Thanks to folks for helping!!!
1 - Replace your
<meta charset="utf-8">
with
<meta http-equiv="Content-Type" content="text/html; charset=utf-8">
2 - Check if your HTML Editor's encoding is in UTF8. Usually this option is found on the tabs on the top of the program, like in Notepad++.
3 - Check if your browser is compatible with your font, if you're somehow importing a font. Or try and add a css to set your fonts to a default/generally accepted one like
body
{
font-family: "Times New Roman", Times, serif;
}
Hope it helps :)
The reason for having saved the file with Windows-1252 encoding (most likely) instead of UTF-8 encoding resulting in getting the non-ASCII character displayed wrong in the browsers was missing knowledge about UTF-8 detection by UltraEdit and perhaps also appropriate UTF-8 configuration.

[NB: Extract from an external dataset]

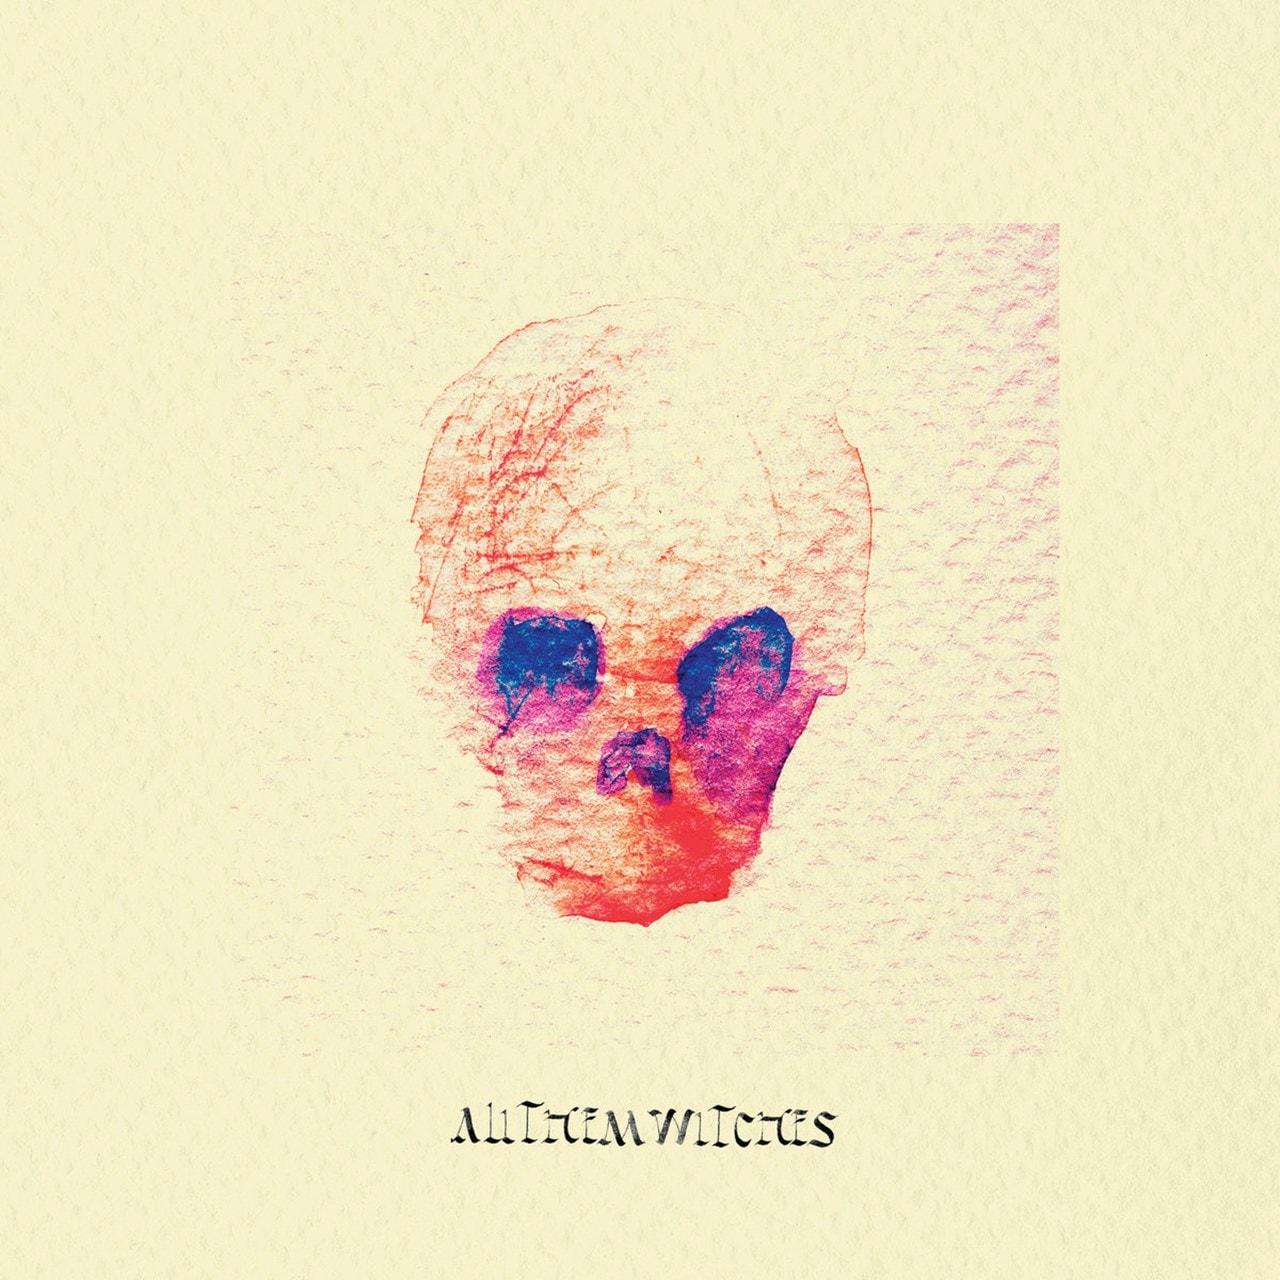 ATW - 1

How currently latest version 22.10 of UltraEdit detects UTF-8 encoding is explained in detail in user-to-user forum topic UTF-8 not recognized, largish file. This forum topic contains also recommendations on how to configure UltraEdit best for HTML writers who use mainly UTF-8 encoding for all HTML files. The UTF-8 detection was greatly improved with UltraEdit v24.00 which detects UTF-8 encoded characters also on in very large files on scrolling to a block containing a UTF-8 encoded character.
Unfortunately the regular expression search used by currently latest UltraEdit v22.10 and previous versions to detect a UTF-8 HTML character set declaration does not work for short HTML5 variant as reported in forum topic Short UTF-8 charset declaration in HTML5 header. The reason is the double quote character between charset= and utf-8. I reported this by email to IDM Computer Solutions, Inc. as the referenced topic was created with the suggestion to make the small change in the regular expression to detect also short HTML5 UTF-8 declaration. The UTF-8 detection was updated later by the developers of UltraEdit for UE v24.00 and UES v17.00 as a post on referenced forum topic explains in detail.

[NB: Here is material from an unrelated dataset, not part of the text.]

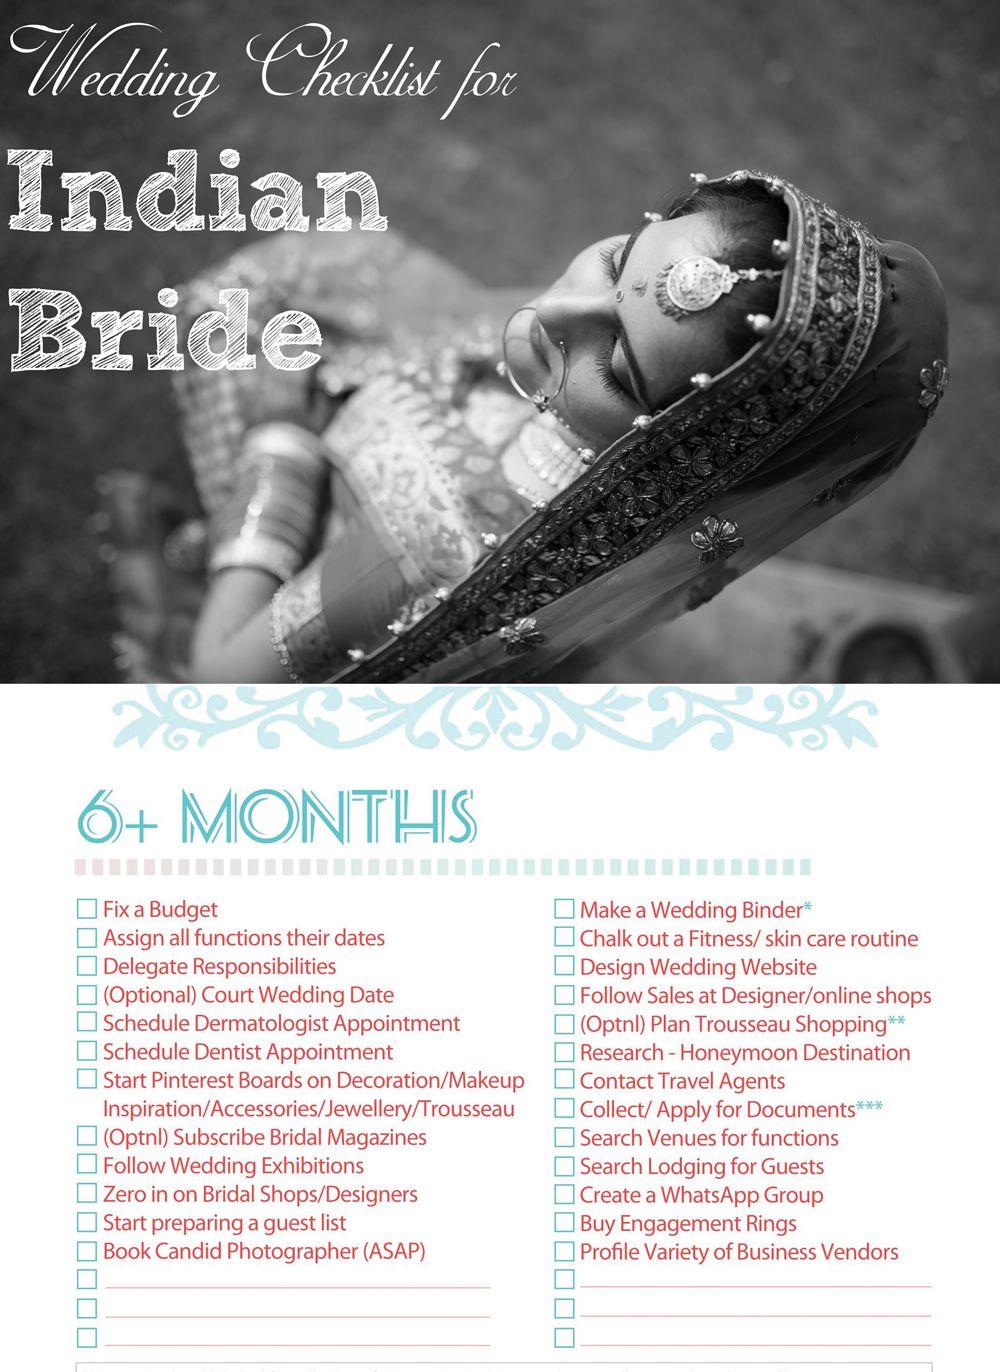 Indian Wedding Checklist for the Bride Indian Bridal Checklist

However, when an HTML5 file is declared as UTF-8 encoded, but UltraEdit loaded it as ANSI file, the user can see the wrong loading in the status bar at bottom of main window. A small (less than 64 KB) UTF-8 encoded HTML file should result in getting
either U8- and line terminator type (DOS/UNIX/MAC) displayed for users of UE < v19.00 or when using basic status bar in later versions of UE
or UTF-8 selected in encoding selector in status bar for users of UE v19.00 or later versions not using basic status bar.
If this is not the case, the UltraEdit user can use
Save As from menu File and select UTF-8 - NO BOM for Encoding (Windows Vista or later) respectively Format (Windows 2000/XP) to convert the file from ANSI to UTF-8 without byte order mark, or
ASCII to UTF-8 (Unicode editing) from submenu Conversions in menu File to convert the file from ASCII/ANSI to UTF-8 without an immediate save, or
select Unicode - UTF-8 via encoding selector in status bar (UE v19.00 or later only) resulting also in an immediate conversion from ASCII/ANSI to UTF-8 and enabling Unicode editing.
For the last two options the UTF-8 BOM settings at Advanced - Settings or Configuration - File Handling - Save determine saving the file without or with byte order mark on next save.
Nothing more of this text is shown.